DATASET EXTRACT:
━━━━━━━━━━━━━━━━

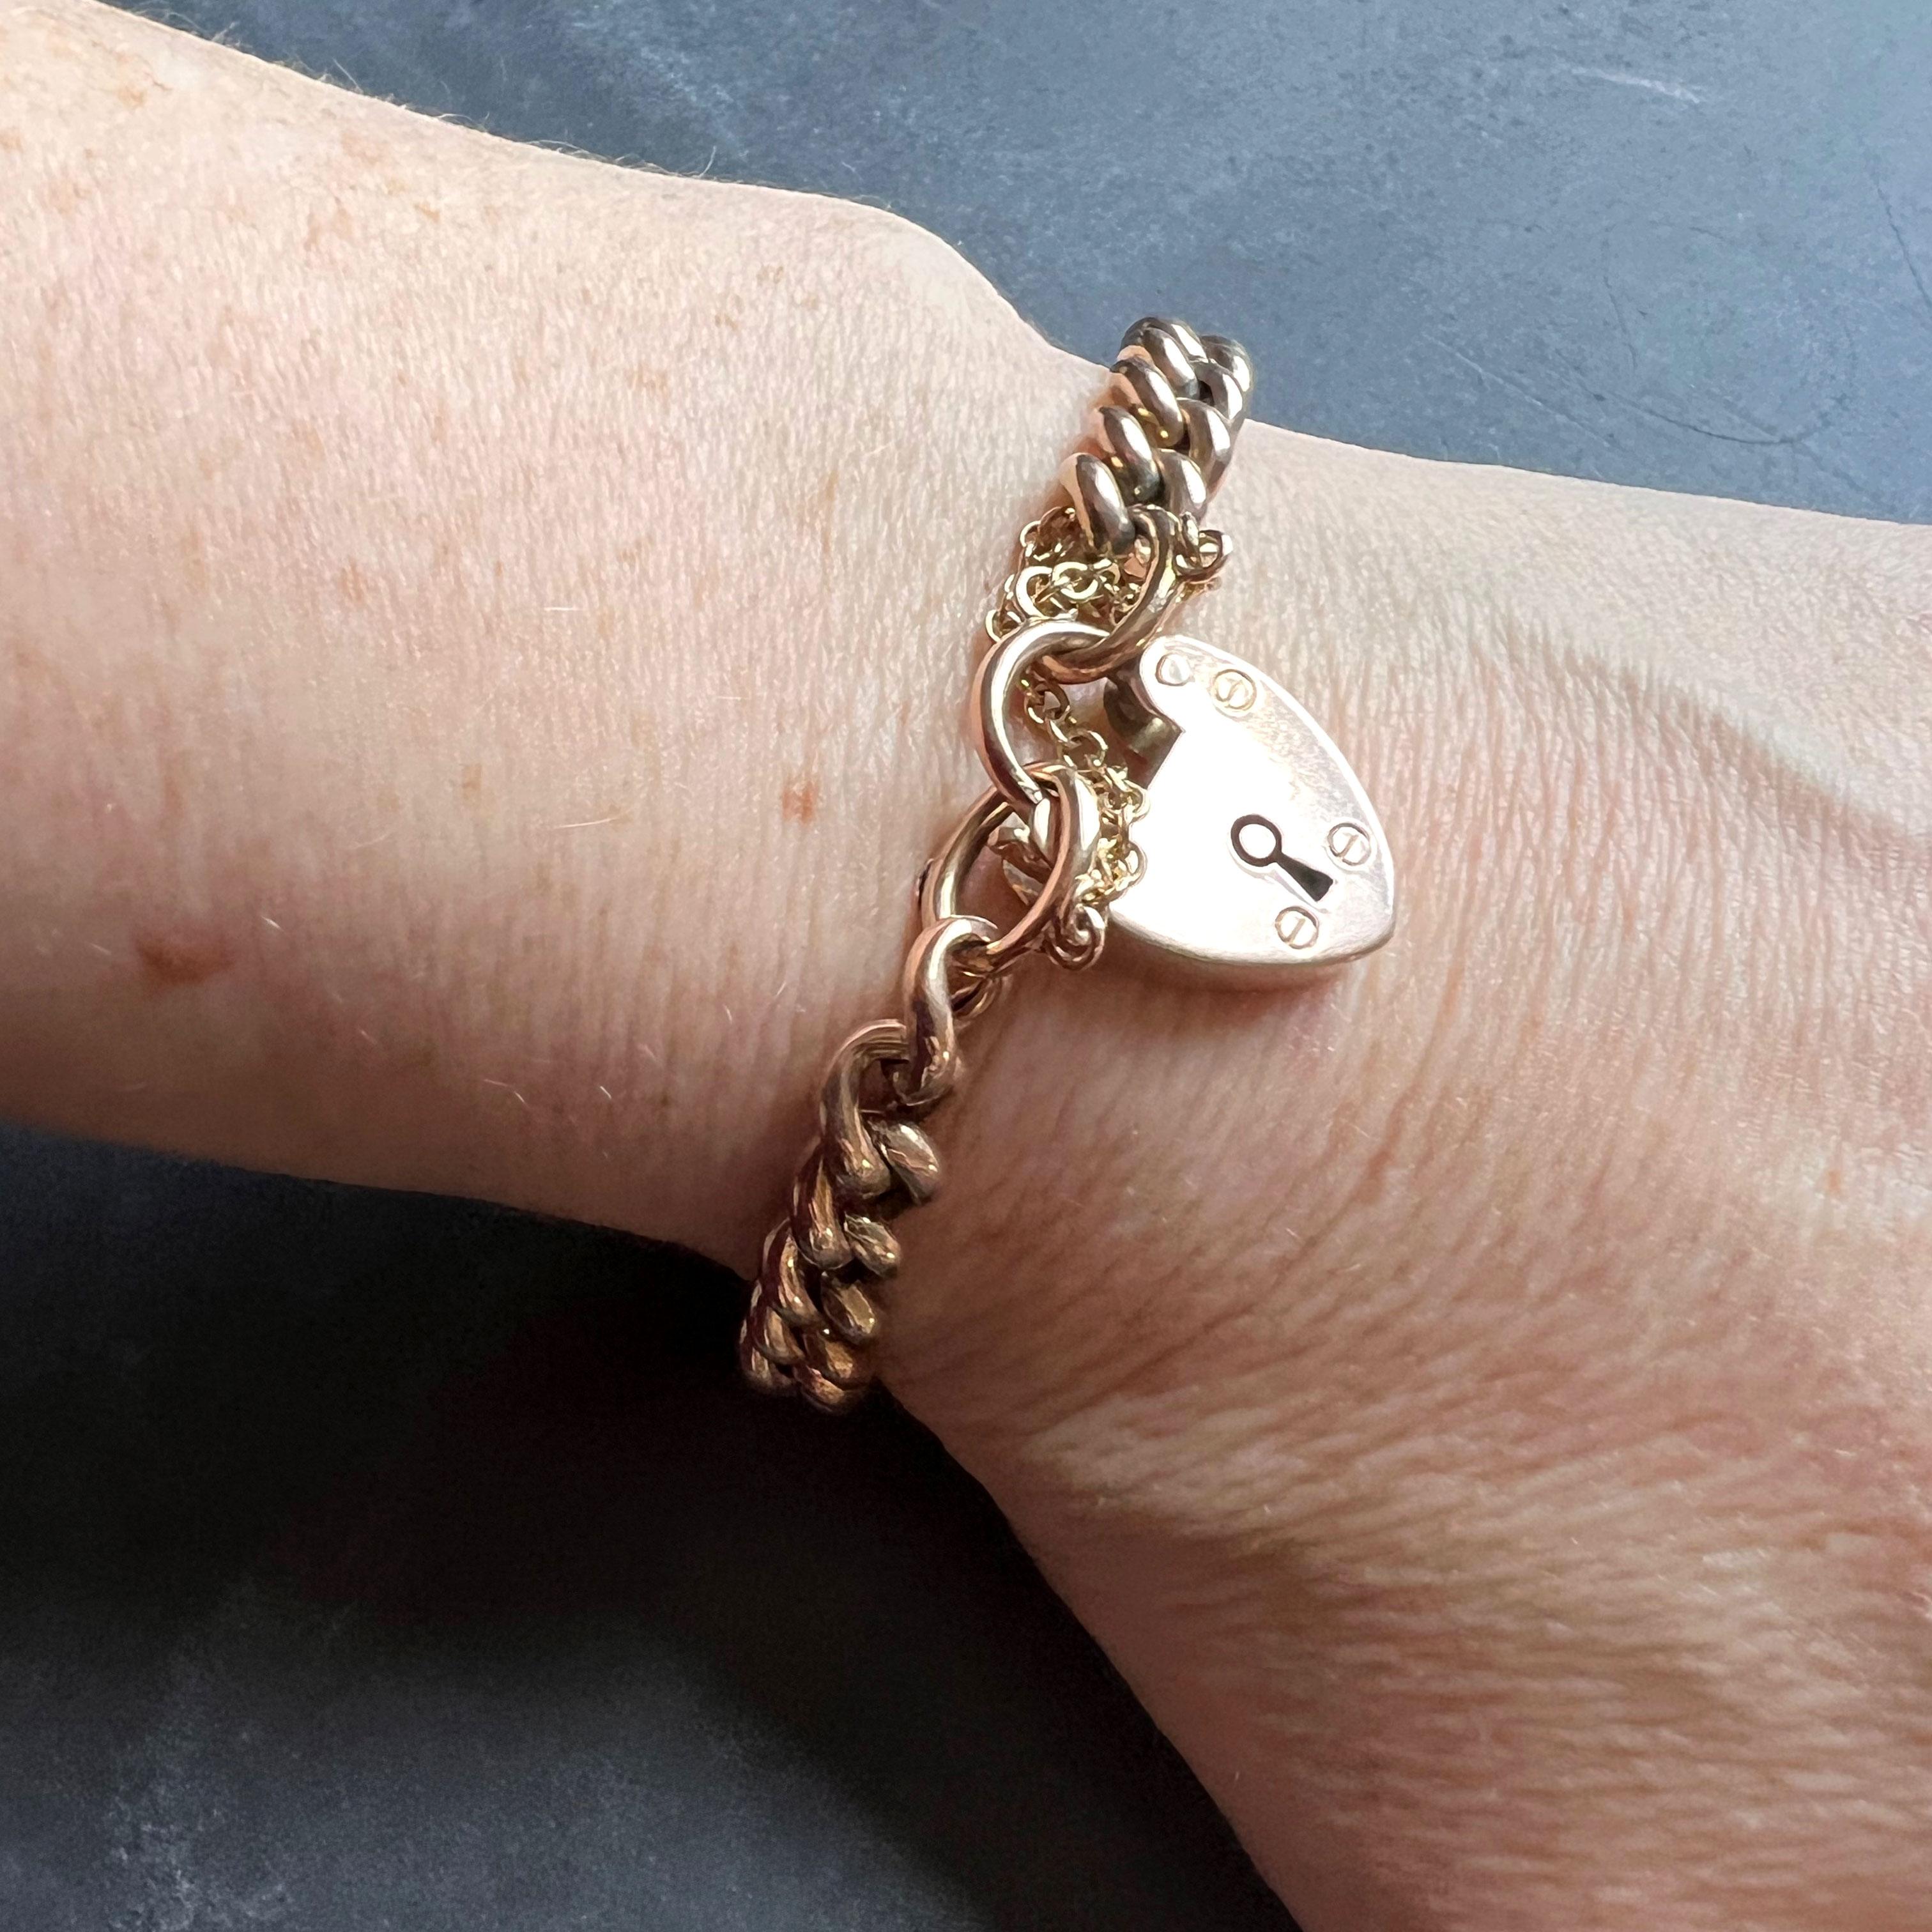 A 9 karat (9K) rose gold curb link bracelet with heart padlock clasp. The bracelet stamped 9C in a cartouche for 9 karat gold, the heart marked for P&M Ltd (unknown makers), Birmingham, 9 karat gold. 7” long.

Dimensions: 18 x 0.7 x 0.3cm
Heart

━━━━━━━━━━━━━━━━

REQUIRED WORK:
Exact copy, no images: rewrite the entire listing above.

ANSWER BOX:
 A 9 karat (9K) rose gold curb link bracelet with heart padlock clasp. The bracelet stamped 9C in a cartouche for 9 karat gold, the heart marked for P&M Ltd (unknown makers), Birmingham, 9 karat gold. 7” long.

Dimensions: 18 x 0.7 x 0.3cm
Heart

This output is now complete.